Imre Karafiath (Finance, Insurance, Real Estate, and Business Law, University of North Texas, Denton, Texas, USA)

International Journal of Managerial Finance

ISSN: 1743-9132

Article publication date: 26 August 2014

1455

Abstract

Purpose

In the finance literature, fitting a cross-sectional regression with (estimated) abnormal returns as the dependent variable and firm-specific variables (e.g. financial ratios) as independent variables has become de rigueur for a publishable event study. In the absence of skewness and/or kurtosis the explanatory variable, the regression design does not exhibit leverage – an issue that has been addressed in the econometrics literature on the finite sample properties of heteroskedastic-consistent (HC) standard errors, but not in the finance literature on event studies. The paper aims to discuss this issue.
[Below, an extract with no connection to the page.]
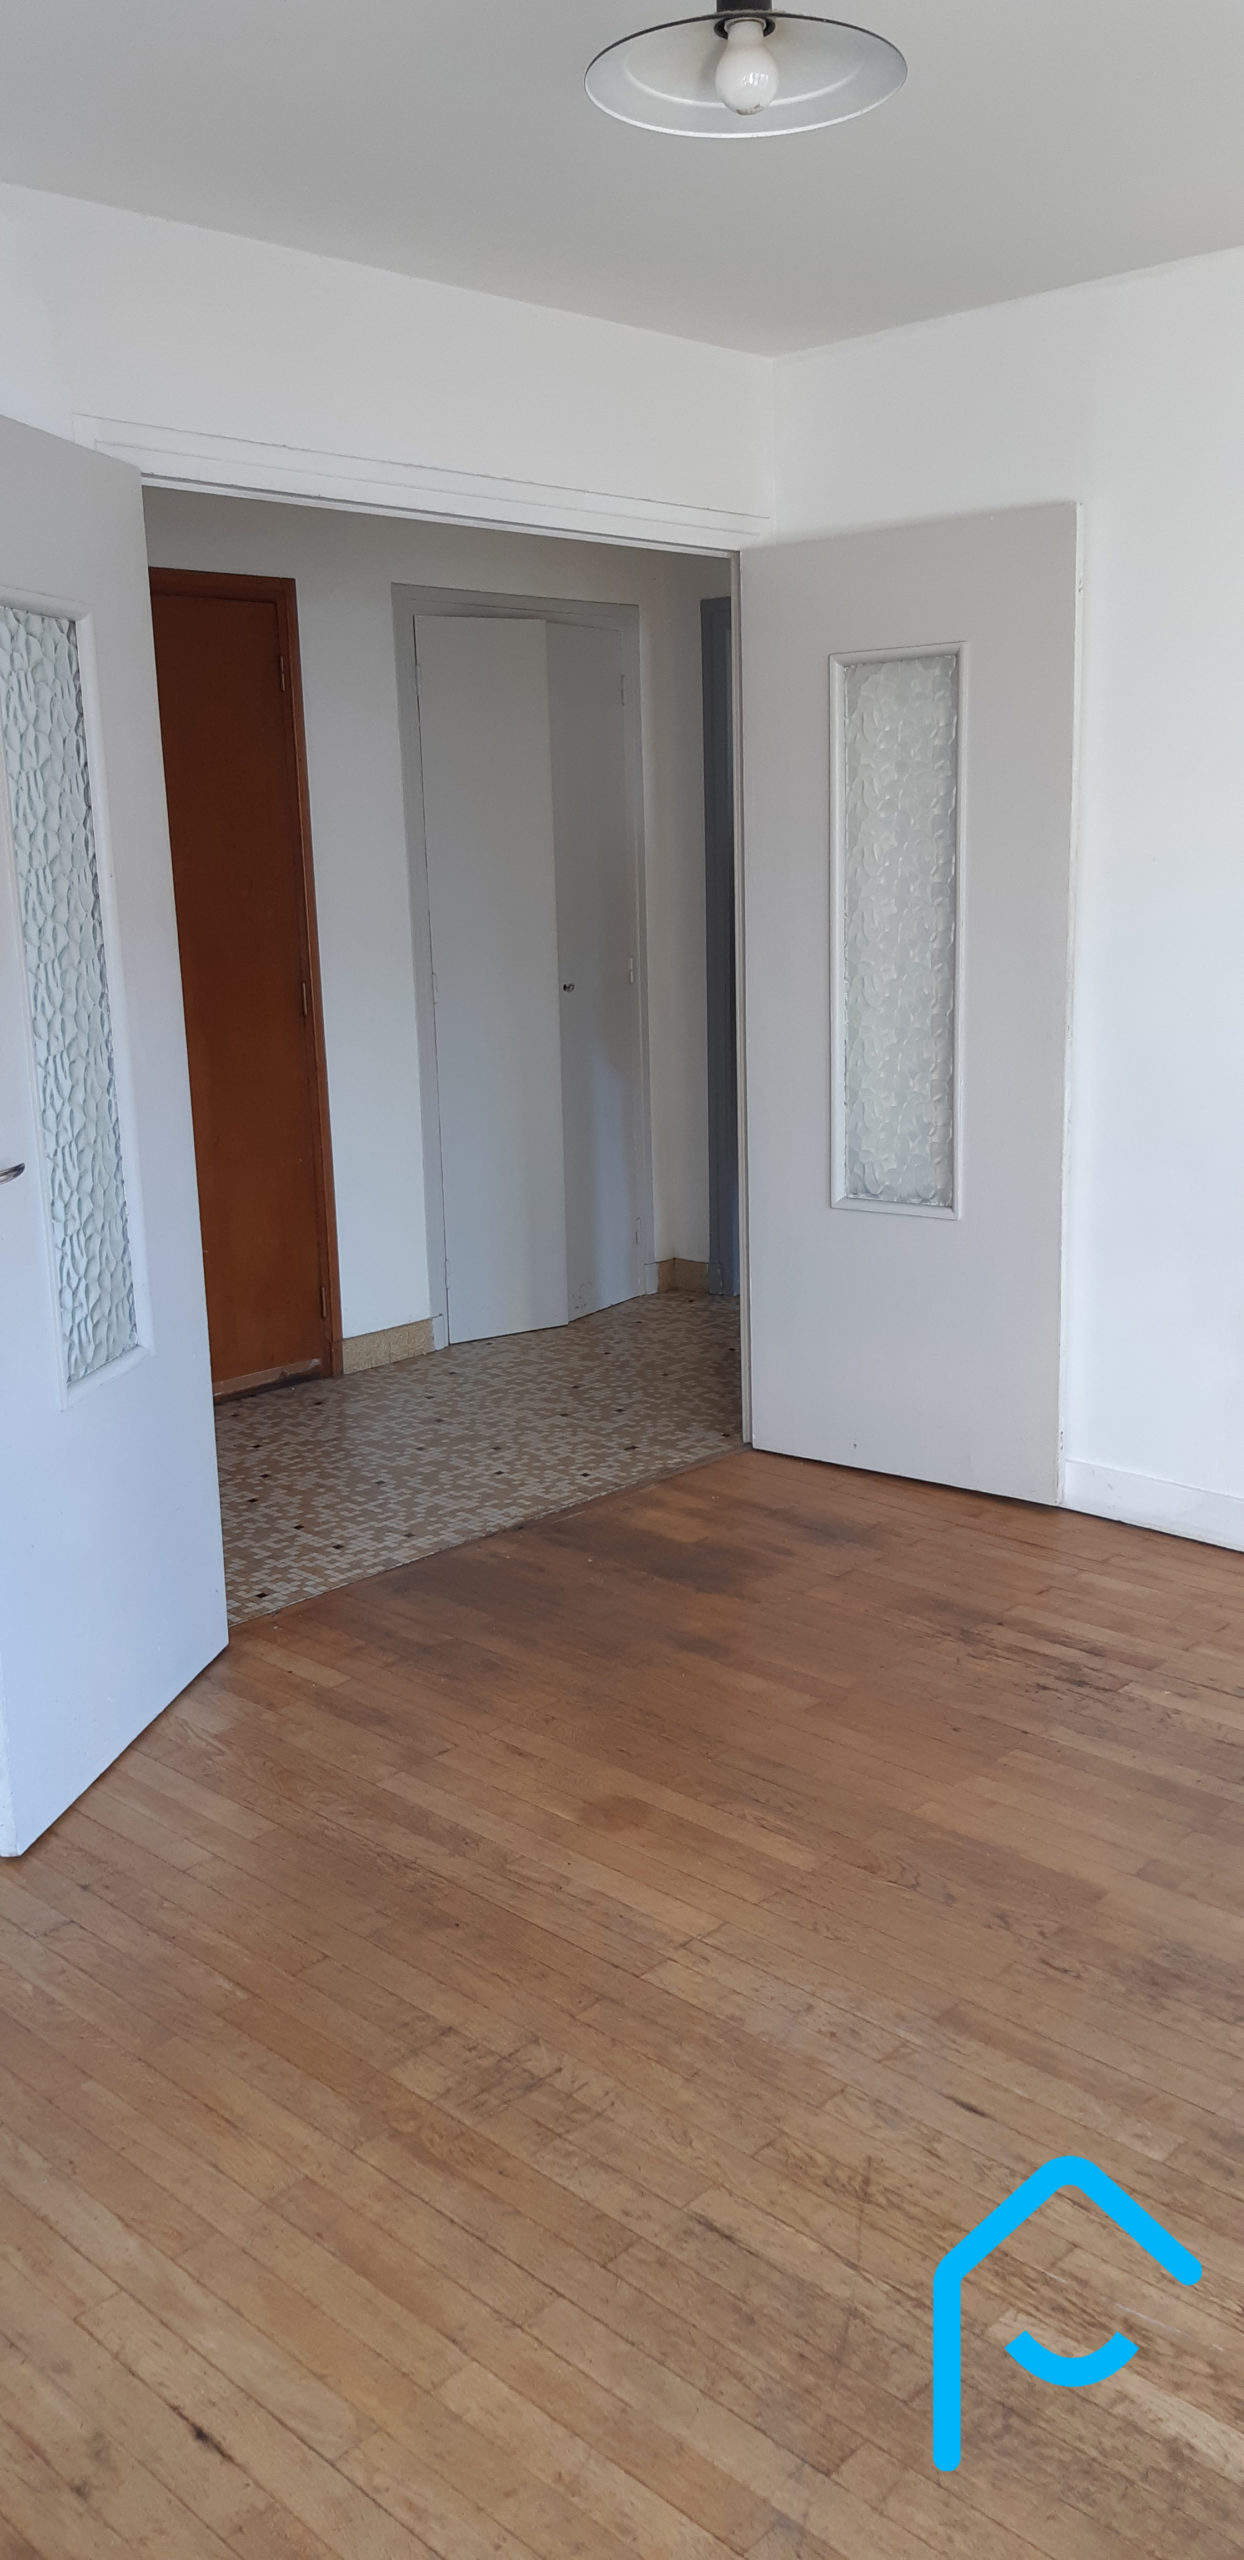 A vendre appartement Chambéry Savoie T3 avec cave lumineux vue 7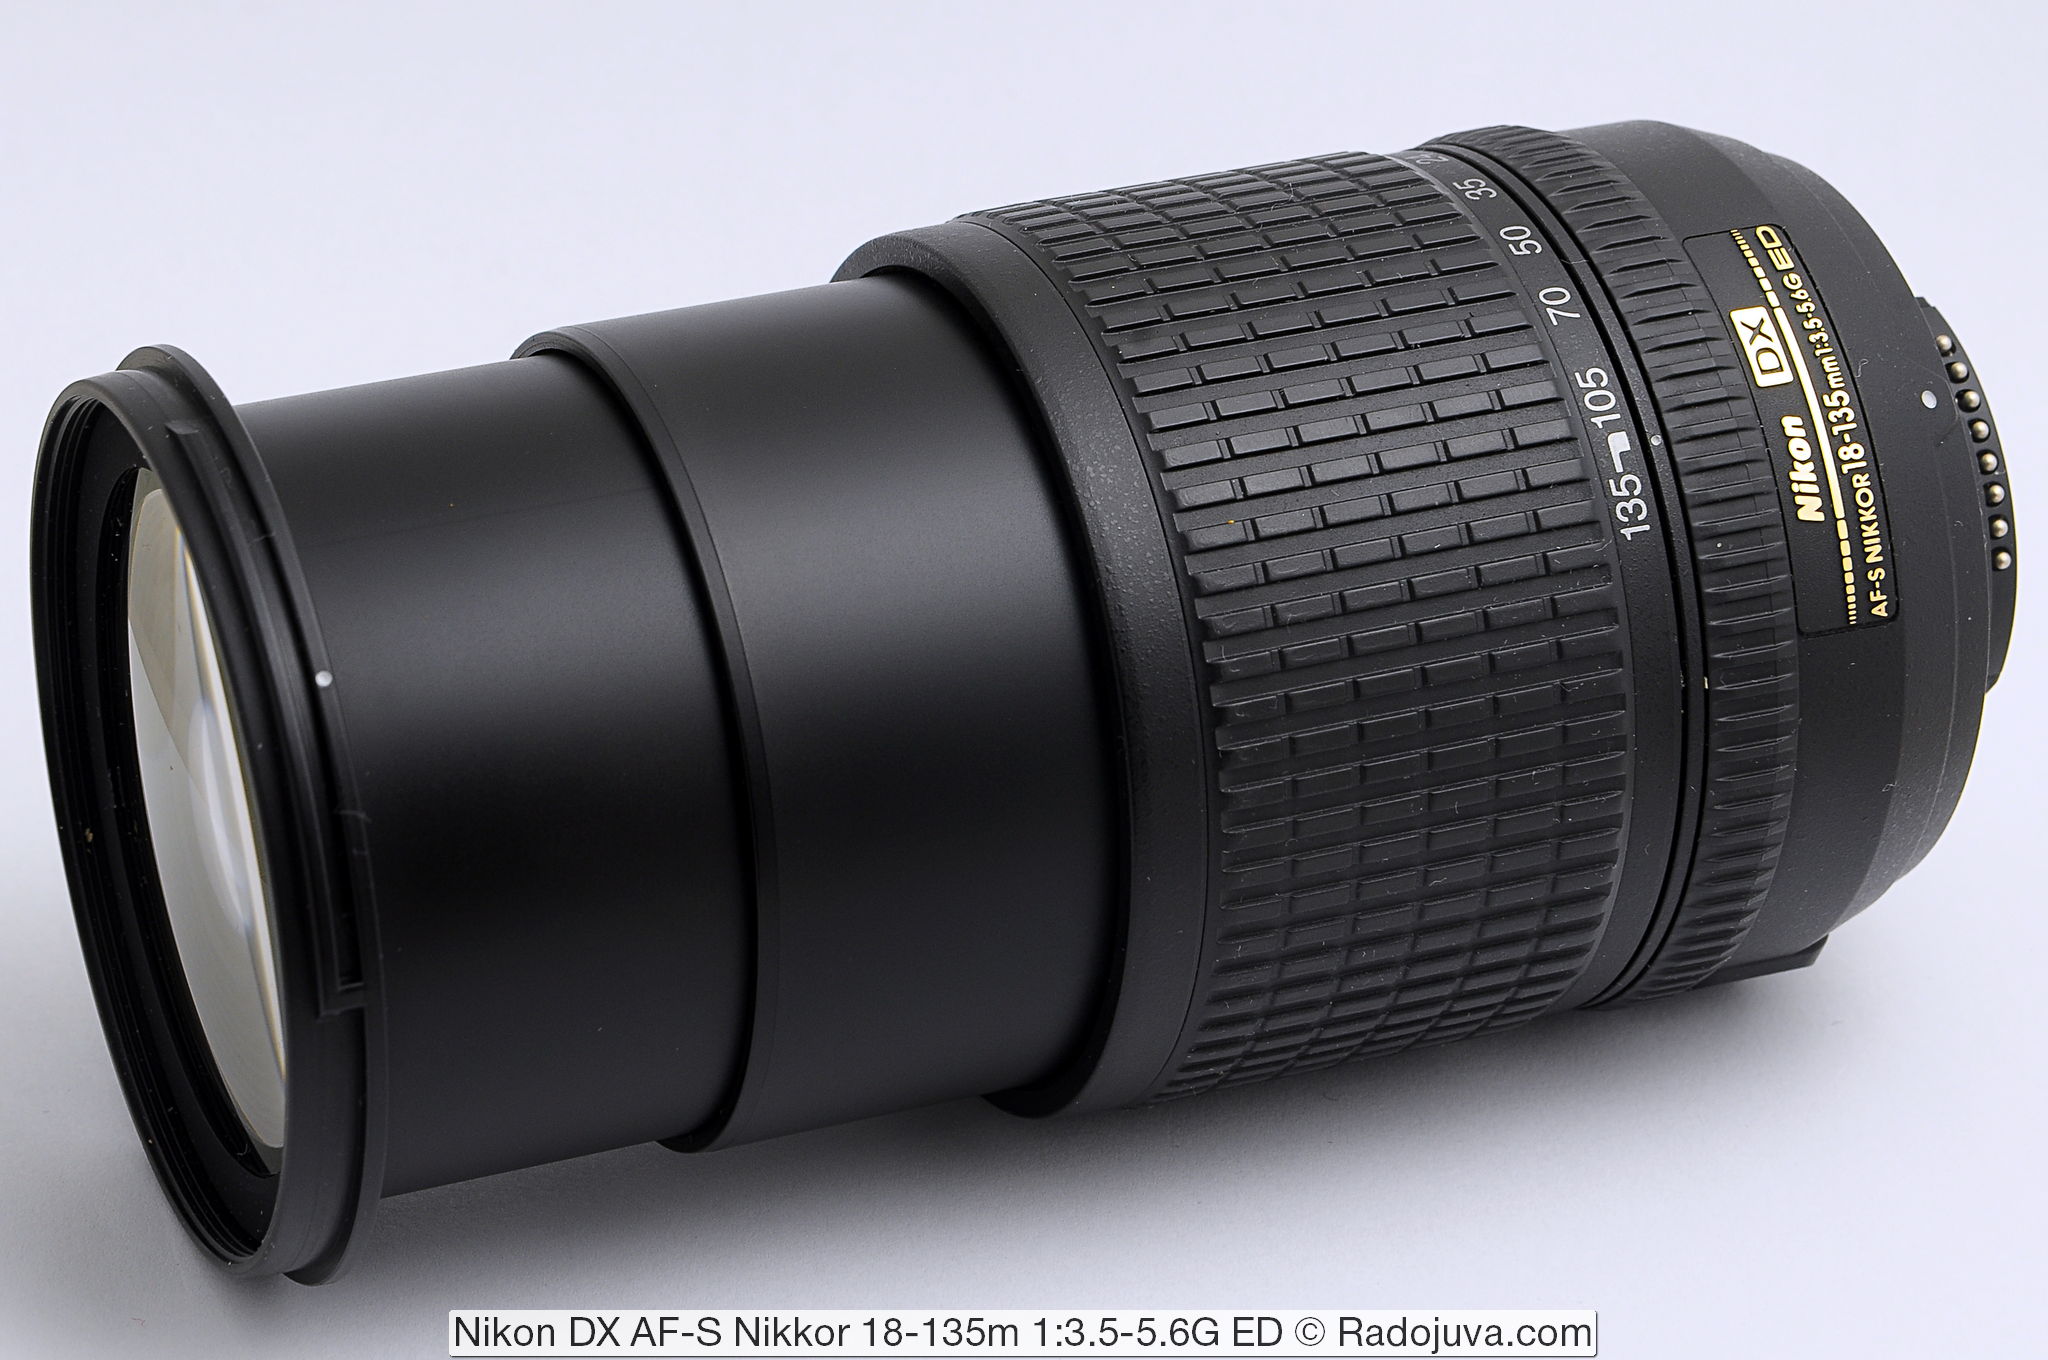 Nikon DX AF-S Nikkor 18-135m 1: 3.5-5.6G ED SWM IF Aspherical

Design/methodology/approach

In this paper, simulations are designed to evaluate the potential bias in the standard error of the regression coefficient when the regression design includes “points of high leverage” (Chesher and Jewitt, 1987) and heteroskedasticity. The empirical distributions of test statistics are tabulated from ordinary least squares, weighted least squares, and HC standard errors.

Findings

None of the test statistics examined in these simulations are uniformly robust with regard to conditional heteroskedasticity when the regression includes “points of high leverage.” In some cases the bias can be quite large: an empirical rejection rate as high as 25 percent for a 5 percent nominal significance level. Further, the bias in OLS HC standard errors may be attenuated but not fully corrected with a “wild bootstrap.”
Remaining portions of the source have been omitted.